ASSIGNED TASK —
The copy you return must match the listing word for word and carry no pictures.
[[ INFORMATION SHOWN, beginning ]]
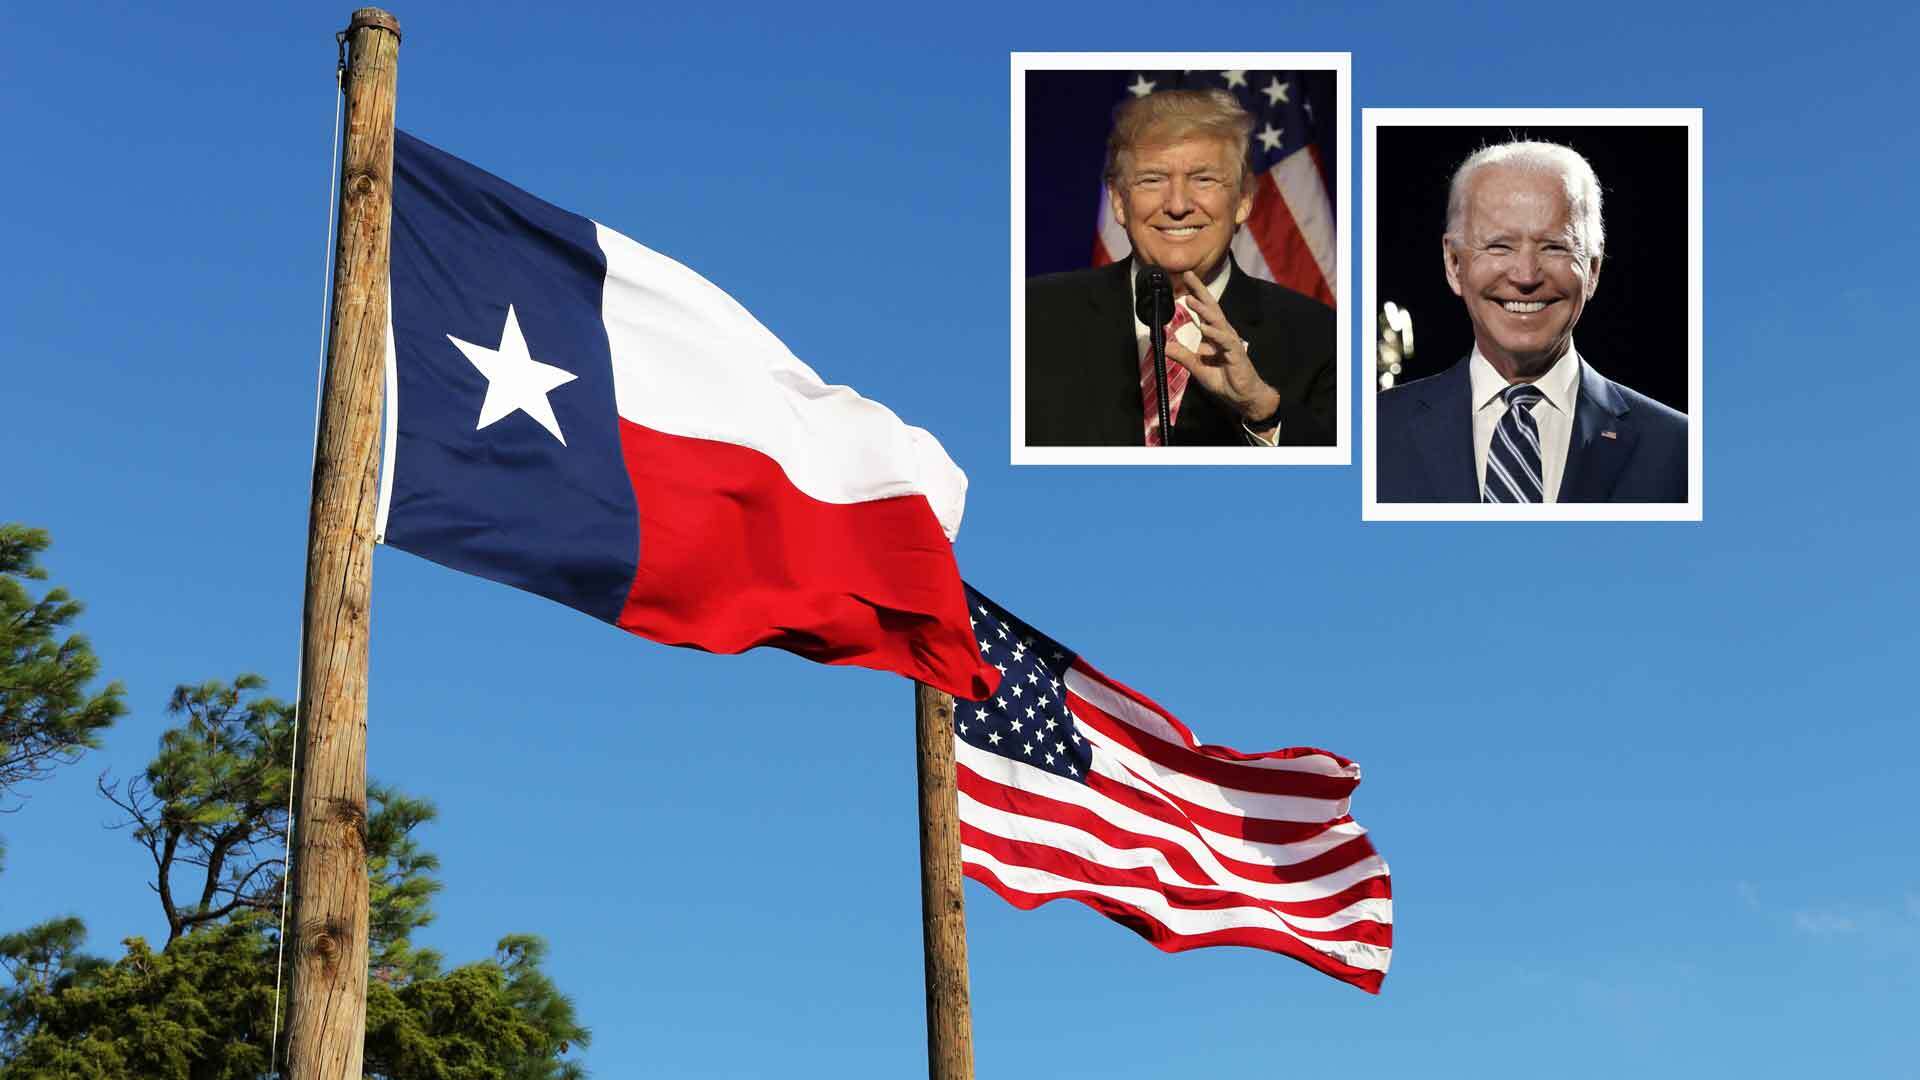 Decisión 2020: Texas y proceso electoral en Estados Unidos
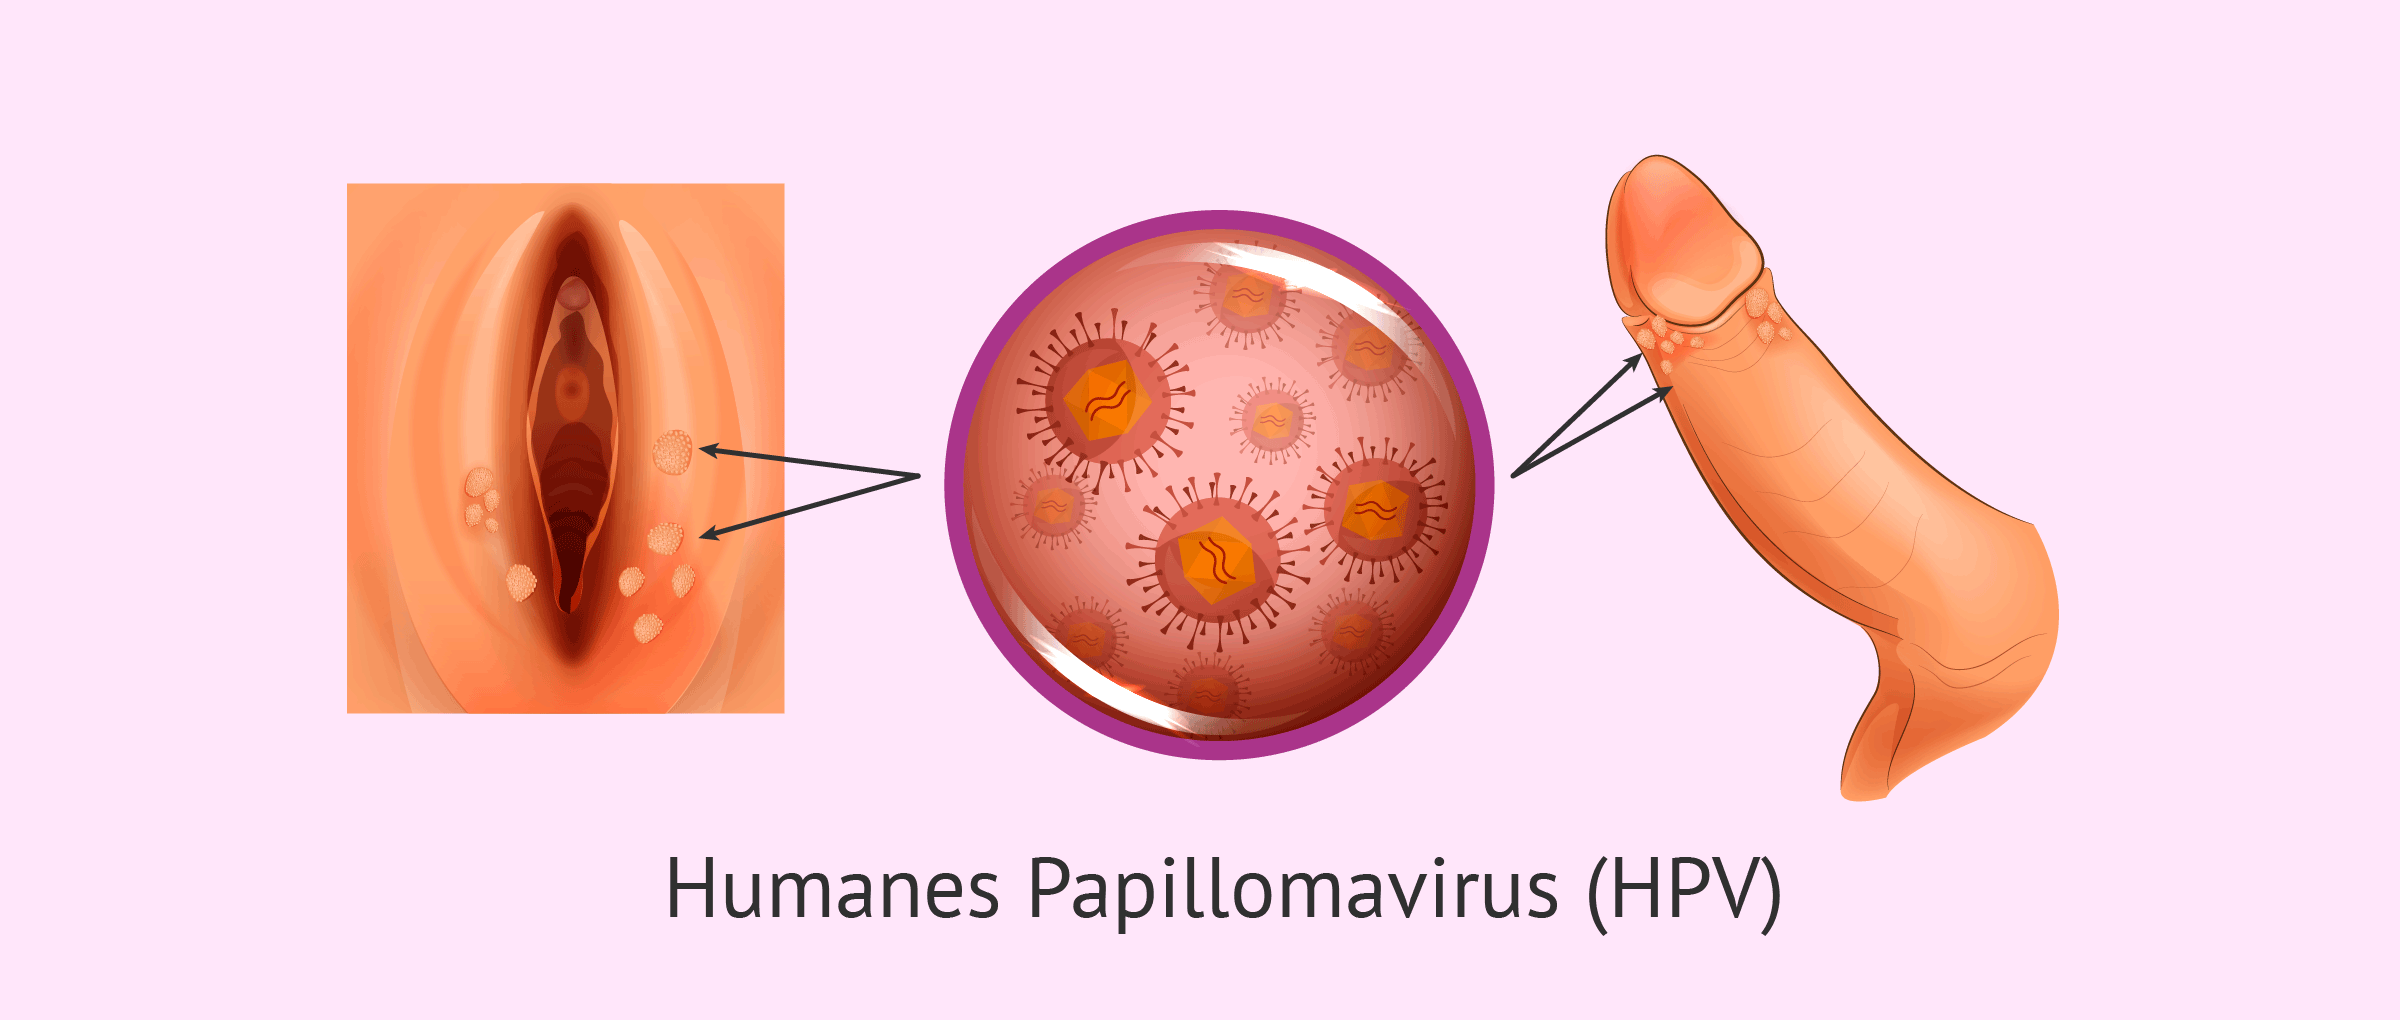 le papillomavirus hpv)
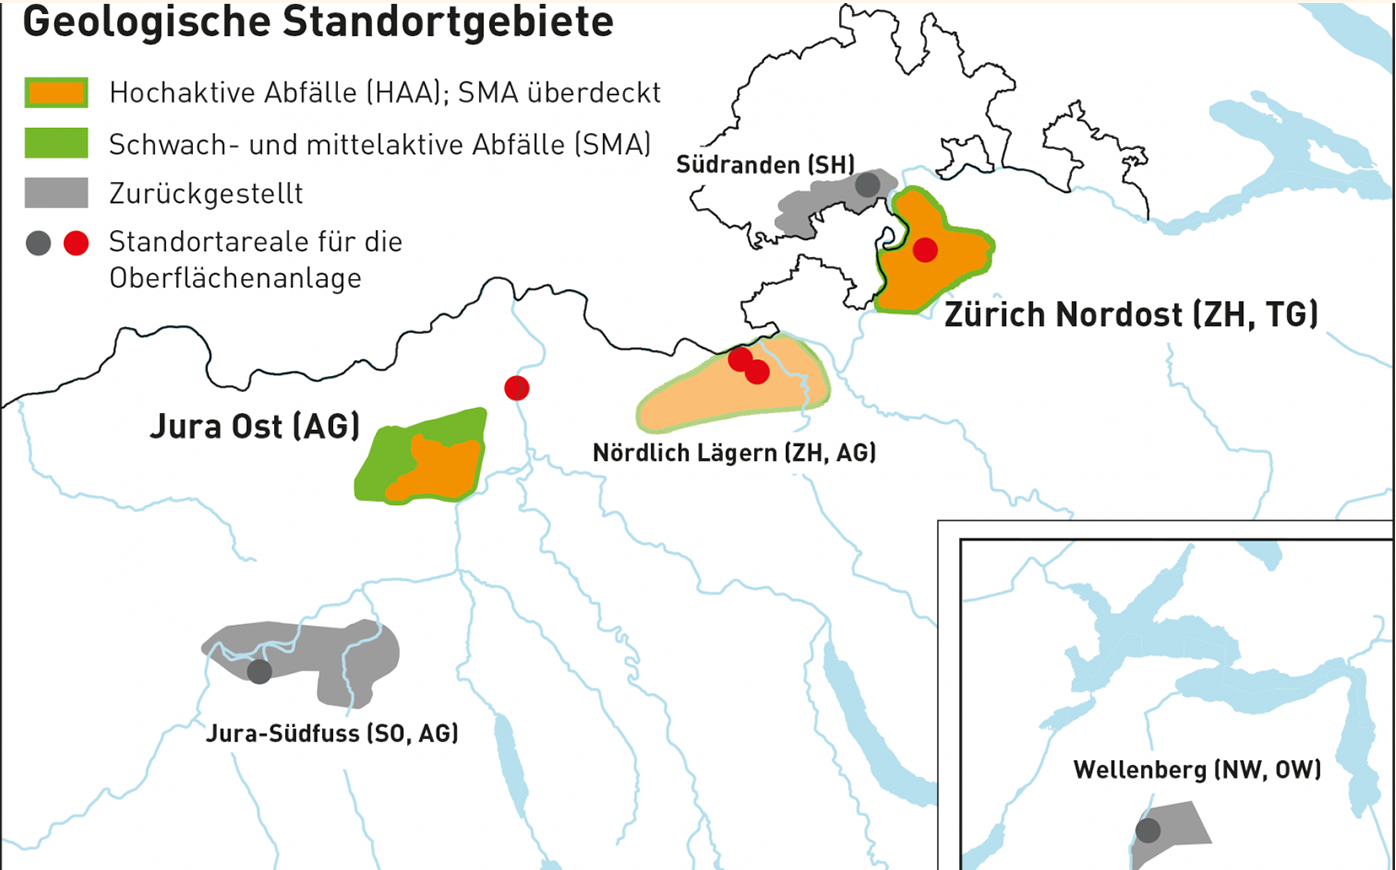 Alle drei möglichen Standorte bleiben im Rennen: Jura Ost im Kanton Aargau, Nördlich Lägern im den Kantonen Aargau und Zürich sowie Zürich Nordost in den Kantonen Thurgau und Zürich.
[[ INFORMATION SHOWN, end ]]
REPLY —
 Decisión 2020: Texas y proceso electoral en Estados Unidos
 le papillomavirus hpv)
 Alle drei möglichen Standorte bleiben im Rennen: Jura Ost im Kanton Aargau, Nördlich Lägern im den Kantonen Aargau und Zürich sowie Zürich Nordost in den Kantonen Thurgau und Zürich.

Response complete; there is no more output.